Arendt never disentangled herself emotionally from Heidegger, her former love and mentor, and, when covering the Eichmann trial, seized upon the fact that Eichmann’s German accent was lower class. She made fun of him, referred to him as merely banal, an ordinary type. When Heidegger was asked after the war why he had joined in a banquet for Julius Streicher, the publisher of the virulent Jew-hating propaganda newspaper Der Sturmer, he dismissed the charge and tried to distance himself from Streicher by calling the newspaper low-class pornography, totally unaware that his presumed intelligent upper-class status made him more culpable, not less. Arendt, continuing this bizarre line of thought, seemed to feel that by demoting Eichmann to the lower category of a stupid man, she had found a way of wistfully endowing her former intelligent lover with a pass. She then made more of a muddle by nosing about, discovering Jewish failures, which was as beside the point as rummaging about discovering the failures of the Resistance, the gypsies, and the civilian population of most of Europe — it took the combined armies of the United States, England, Russia with some help from France to rid Europe of the Nazis.
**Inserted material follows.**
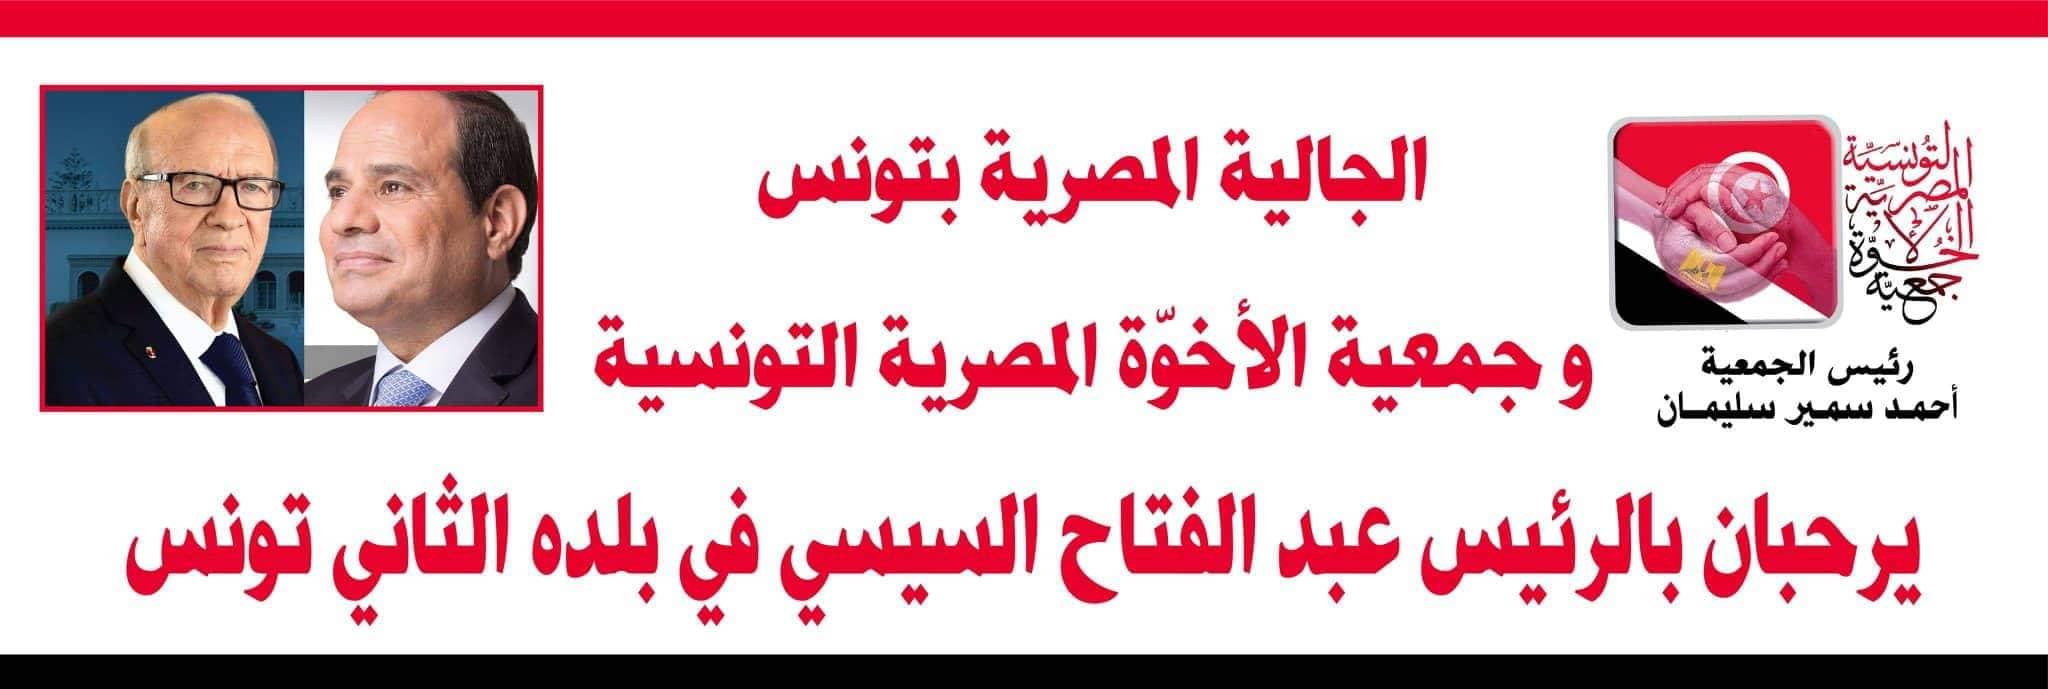 جمعية الاخوّة المصرية التونسية والجالية المصرية للسيسي أهلا بكم في تونس

That said, what makes The Castle in the Forest an amazing accomplishment is the way Mailer has braided together different tonalities — the essential historic and philosophical questions of how and why Hitler became Hitler with a compelling narrative, made more vivid by the special music of the Mailer language, the beat and rhythm of his poetic sentences. The claustrophobic reality of Adi, Klara, and Alois are captured in the very real stinky atmosphere of rural Austria — Mailer doesn’t let us forget that pagan Central Europe was exceedingly smelly, the water cultures were the Nordic countries and the Mediterranean regions where the Arabs, like the Jews, worshipped water and bathing. But then, as Mailer once remarked to me, he has a dual heritage — he is the descendant of rabbis and butchers. And so we should perhaps not be surprised at the variousness of talents contained in this amazing novel which demands more than one reading and considerable thought in order to be grasped.

Note

  1. Solomon, Barbara Probst (2000). "Apropos of a Conversation with Saul Bellow". The Reading Room/3. Great Marsh Press. p. 76.